Data Crunching in the Off Season

It's pretty boring when there's not another race to look forward to for a few months. I'm not sure what people do who live in climates where it snows. Probably drown their sorrows while watching horrible episodes of Pinks on SpeedTV.

I've been occupying my time shopping for faux fur on the internet and buying ridiculous wings on ebay (pics forthcoming, they'll be on the other blog). Unfortunately shopping can only consume so much time.

During the season, I keep a spreadsheet that tracks my expenses so I can thwart cost cutting efforts of the CFO (my wife). In addition to boring/depressing expense data, I also track what races I've done or plan to do. In the race schedule sheet, I also chunk away my fastest race lap time and the fastest race lap in the entire Spec E30 field. Early on I figured that I could look at the difference between the two over the season, and get a gauge for whether I'm improving or not. Every time I put that data into the sheet, I can see small improvements, which helps motivate me to keep plugging away.
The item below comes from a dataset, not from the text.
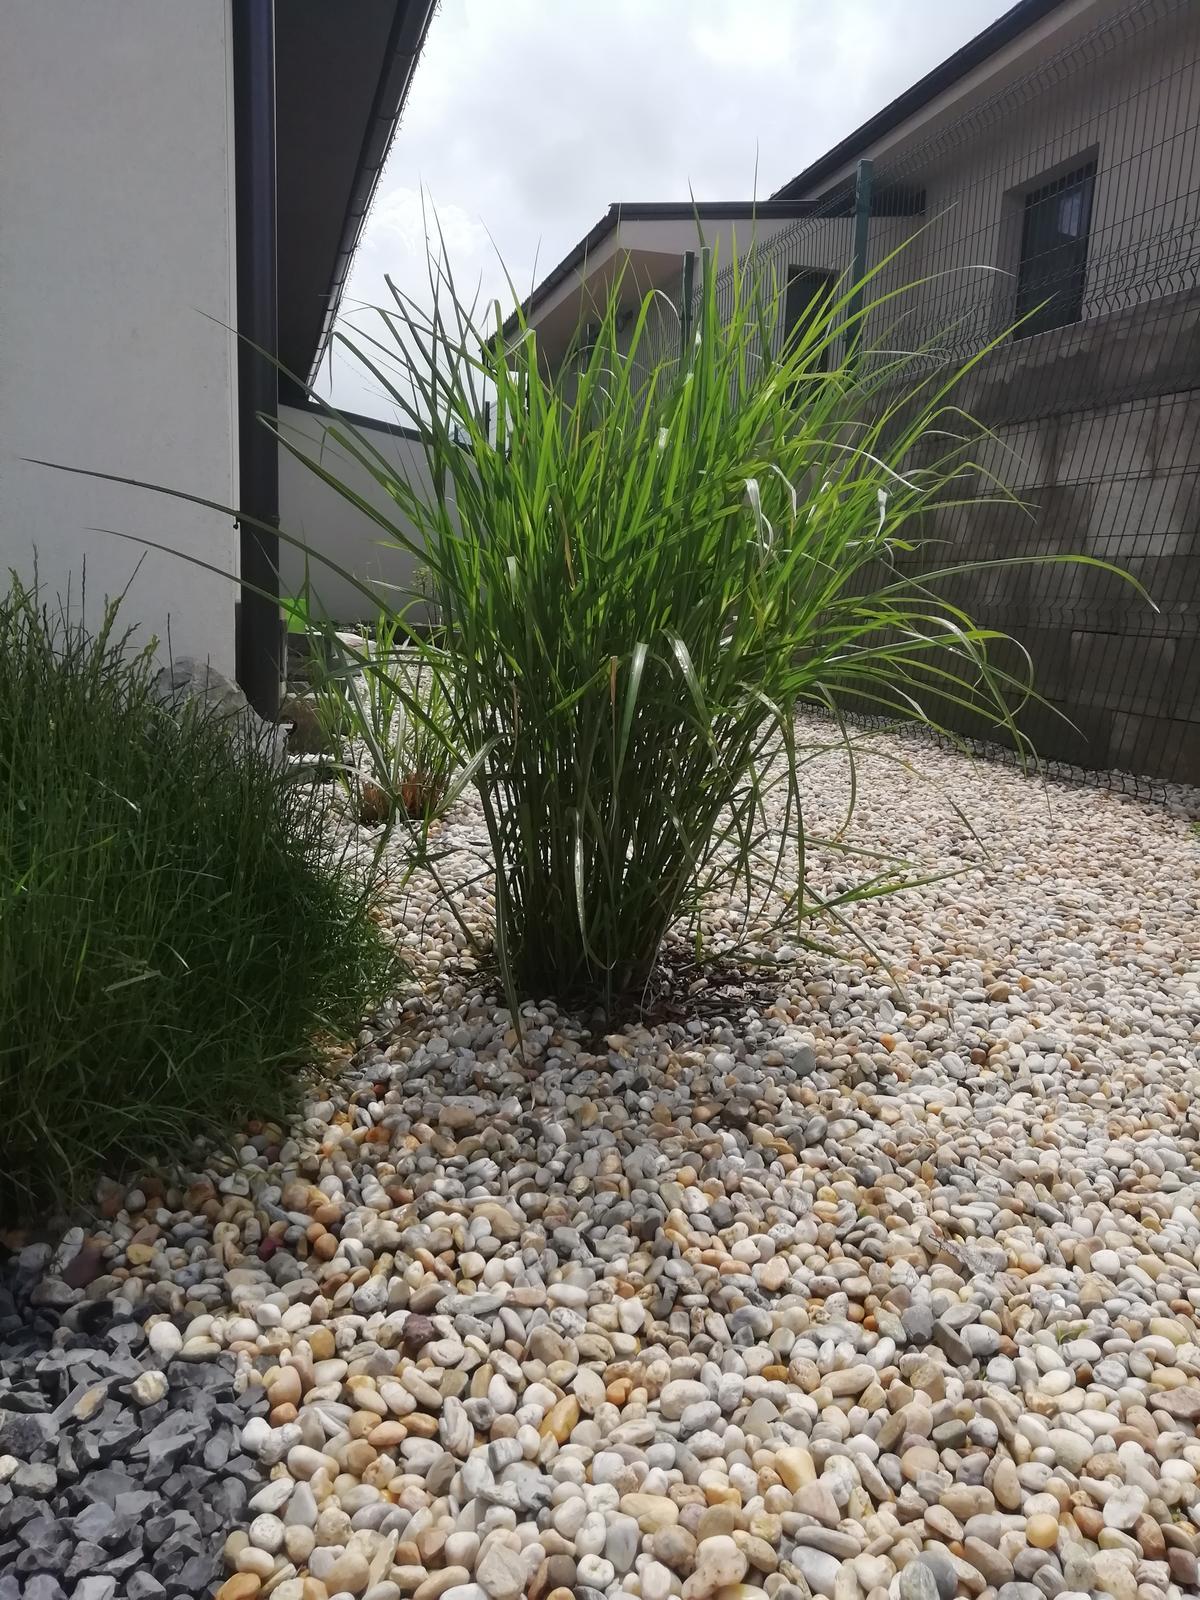 Záhradka 2019/20 bývame 4 a 5 rok :-) - Tráva miscantus nádherná

Now that the season's over, I an look at the entire data set. I jammed it all into a chart, and here's what I got:



Throw out 8/23 as a clear anomaly: the headgasket was toast on my car, I was tangibly down on power and only did 2-3 laps per session:



Ah, much better looking :)

Things I observed:
  • I'm getting better
  • I'm always closer to the leader on Sunday (this may be due to who's running Saturday vs Sunday for some events, as some teams split days)
Just eyeballing the chart, the trend looks almost linear. If I was super cool I'd fit a trend curve to this data, then predict that in X races I'd be the winner. I decided to skip this exercise in unrealistic expectations. Now don't get all "Zen of Racing" on me and tell me I've got the wrong attitude. I'm being realistic. I know better than to believe that I'll continue to improve at the same rate. Getting faster is hard work, and it's only going to get harder as time goes on. I'll be ecstatic if I'm looking for tenths of seconds instead of whole seconds next season.

So to end on an up note: I finished the season with my fastest lap in the last race being 2.65 seconds off the fastest lap in class. That's about 5 seconds/lap improvement over the course of 13 races. I'll take it.

1 comments:

  1. In just eyeballing the data and a bit of math in the head I am voting for ~ 2 more races if you kept on your current trend line. It looks to me like your average improvement for Saturday is about 1.4 sec a race and 1.3 for Sunday.

    I am sure some of the people with Math degrees may get more scientific on your data, but without true values I prefer the guestimate.

    I also am not sure how to account for the off season as it may help or hurt your time.